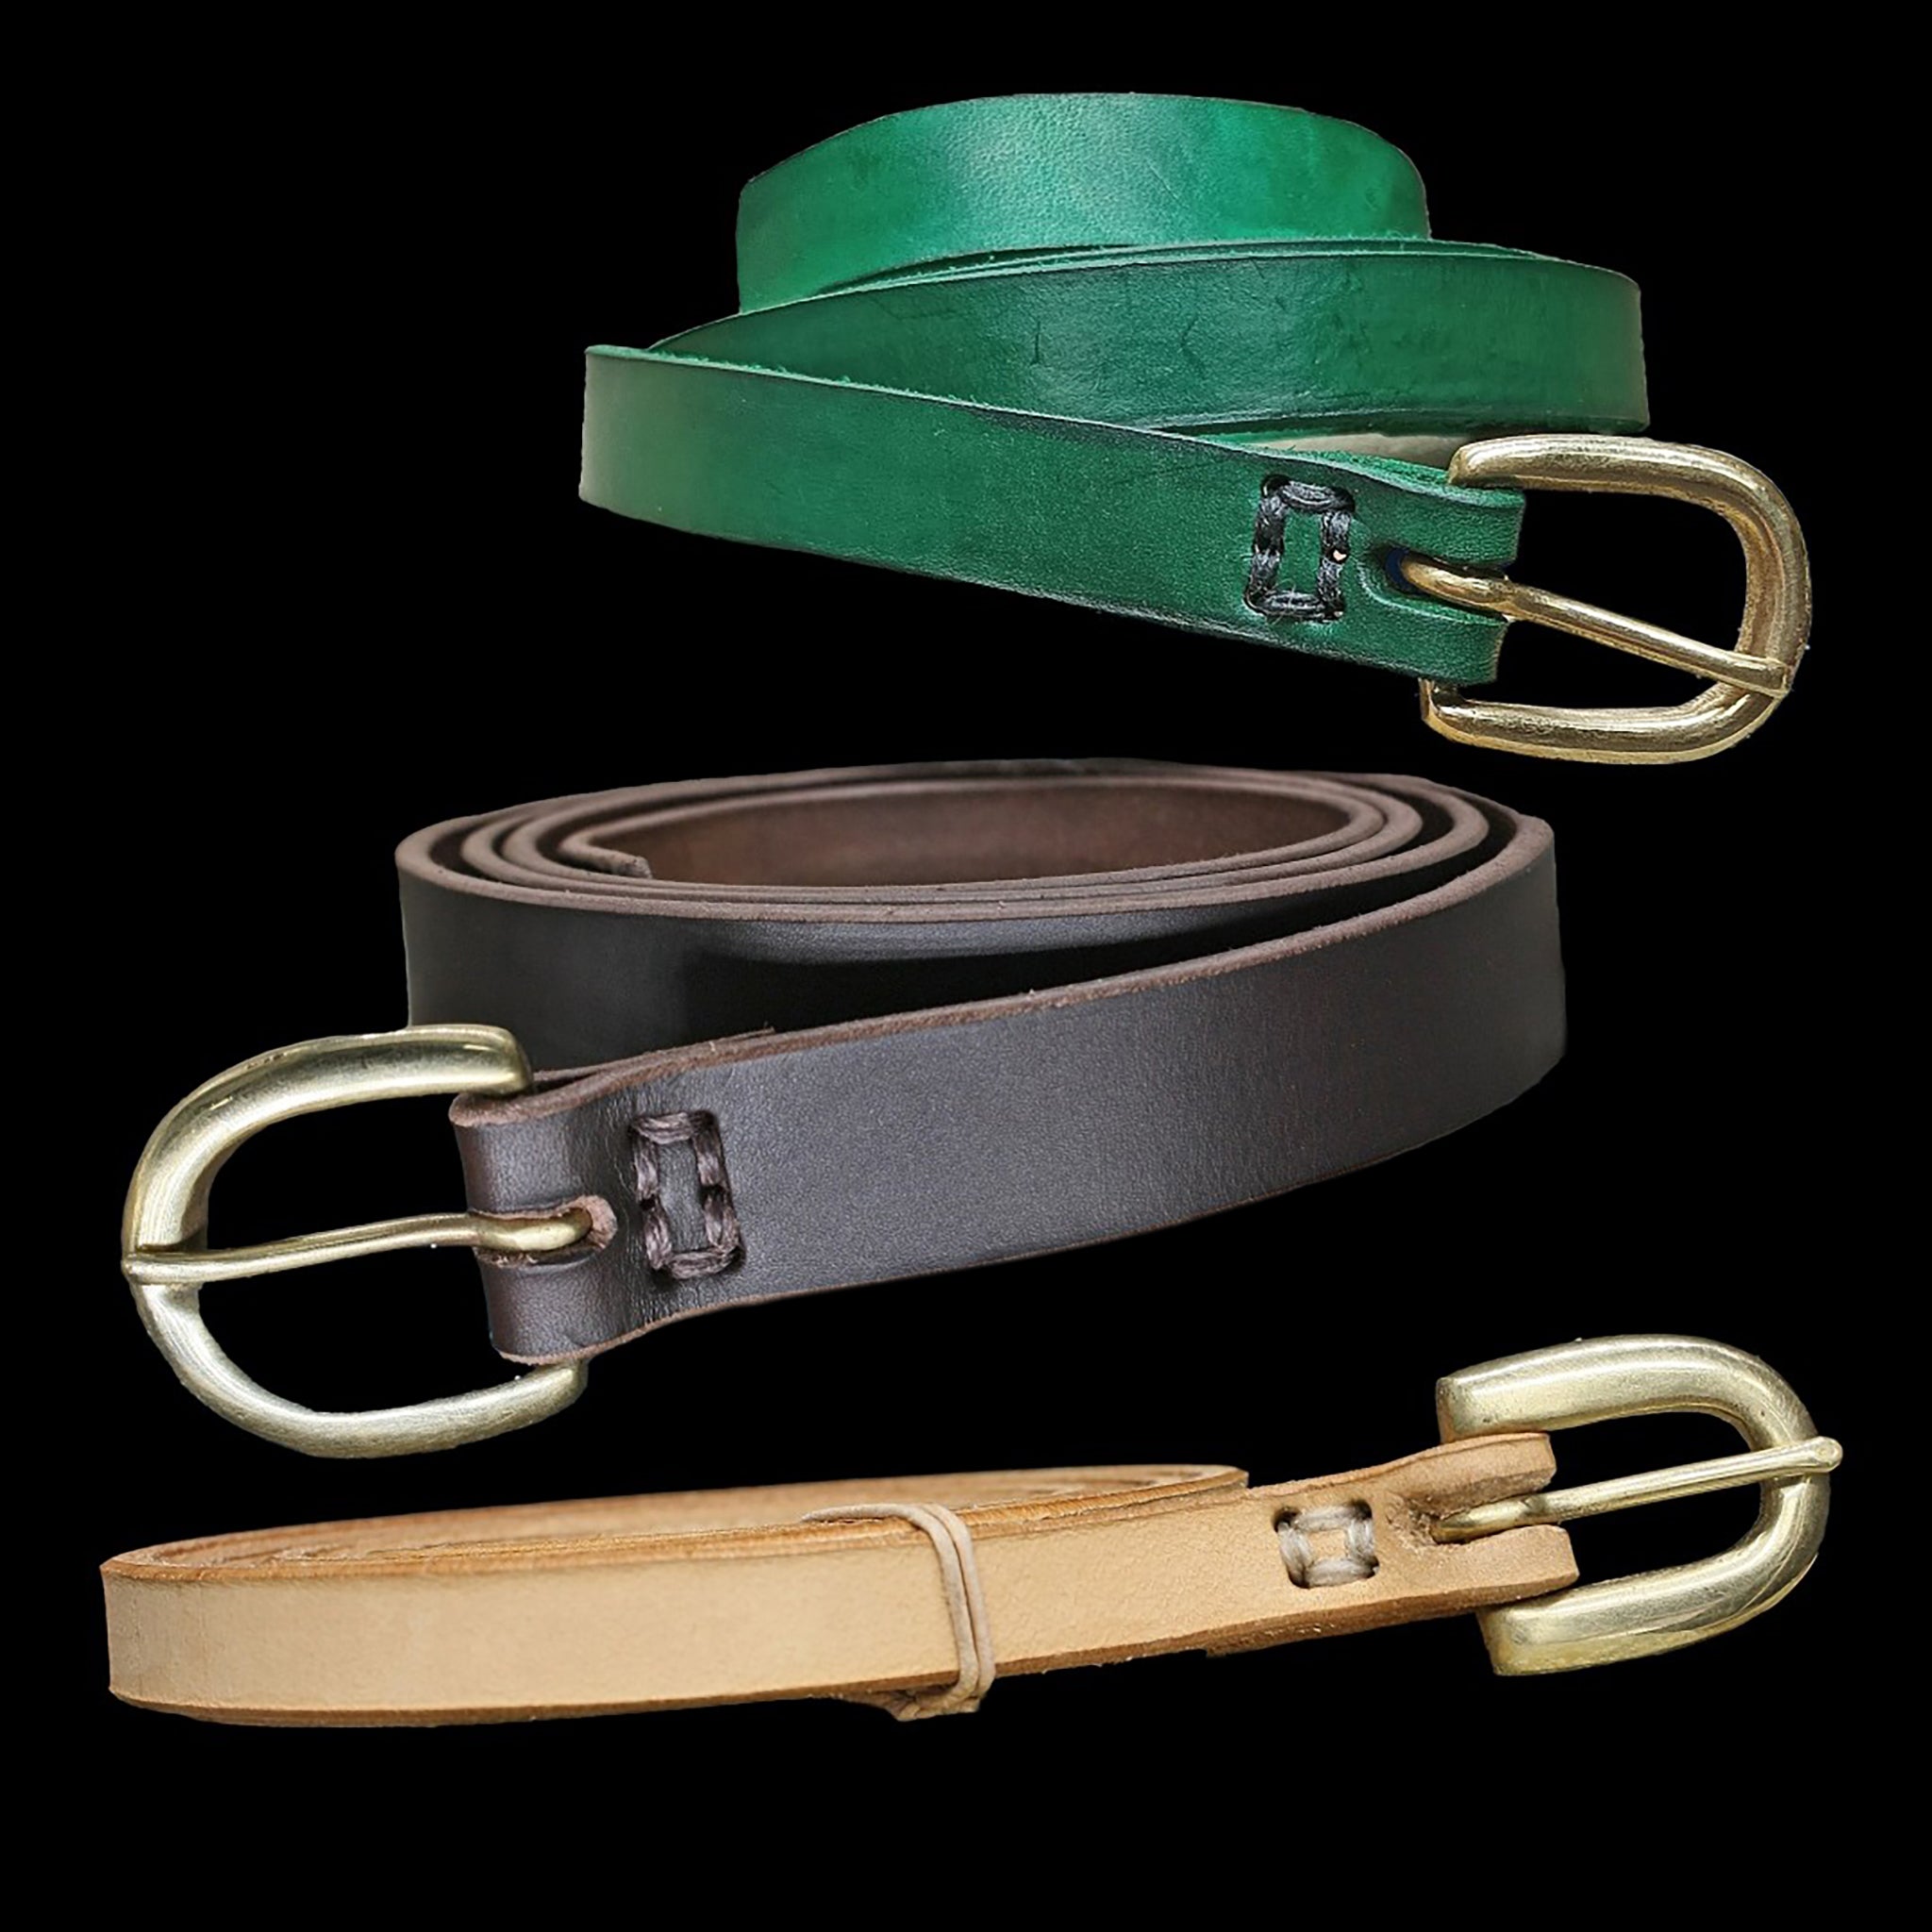 BKE Woven Leather Belt - Women's Belts in Dark Natural
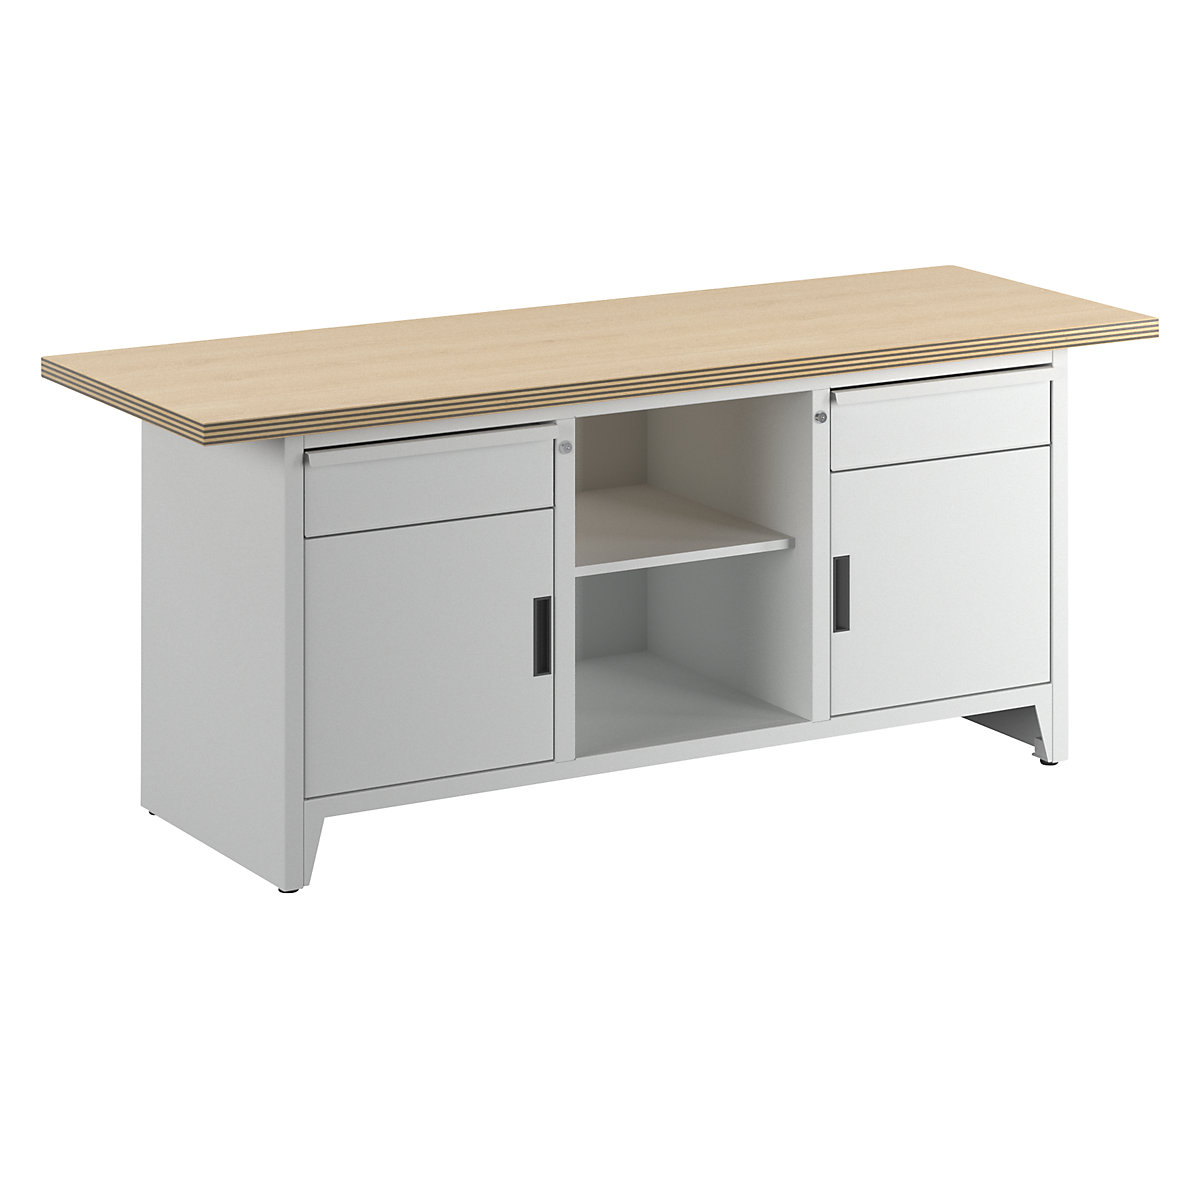 Stół warsztatowy, szerokość 2000 mm, konstrukcja ramowa – LISTA
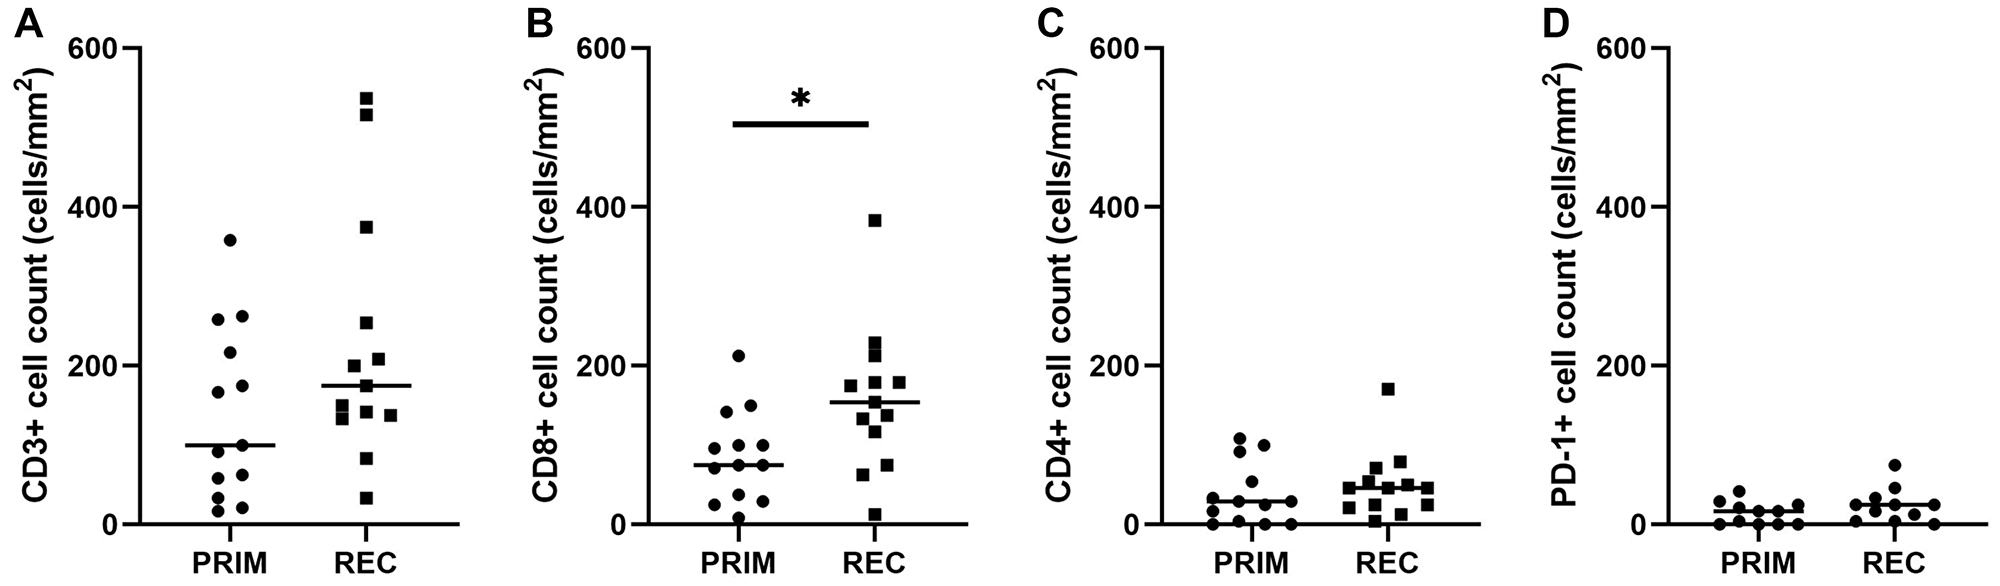 Figure 3: Quantitative TIL scores in primary and recurrent glioblastoma.
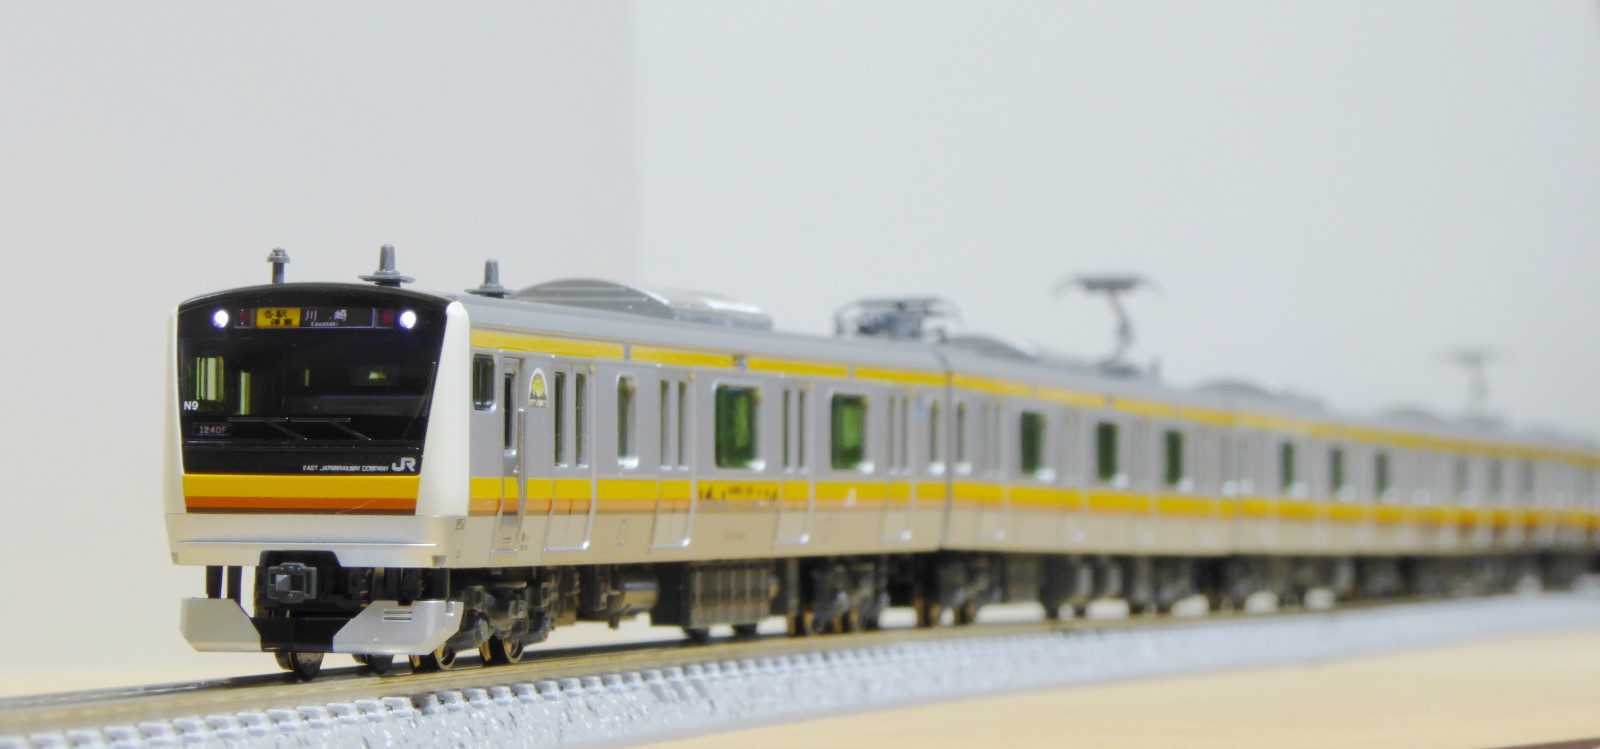 KATO E233系8000番台 南武線 入線 | 気軽にNゲージ＠鉄道模型を楽しむ

» Problem statement
If the listing above includes images, copy every line of it exactly except those images.

» Answer space
 BKE Woven Leather Belt - Women's Belts in Dark Natural
 Stół warsztatowy, szerokość 2000 mm, konstrukcja ramowa – LISTA
 Figure 3: Quantitative TIL scores in primary and recurrent glioblastoma.
 KATO E233系8000番台 南武線 入線 | 気軽にNゲージ＠鉄道模型を楽しむ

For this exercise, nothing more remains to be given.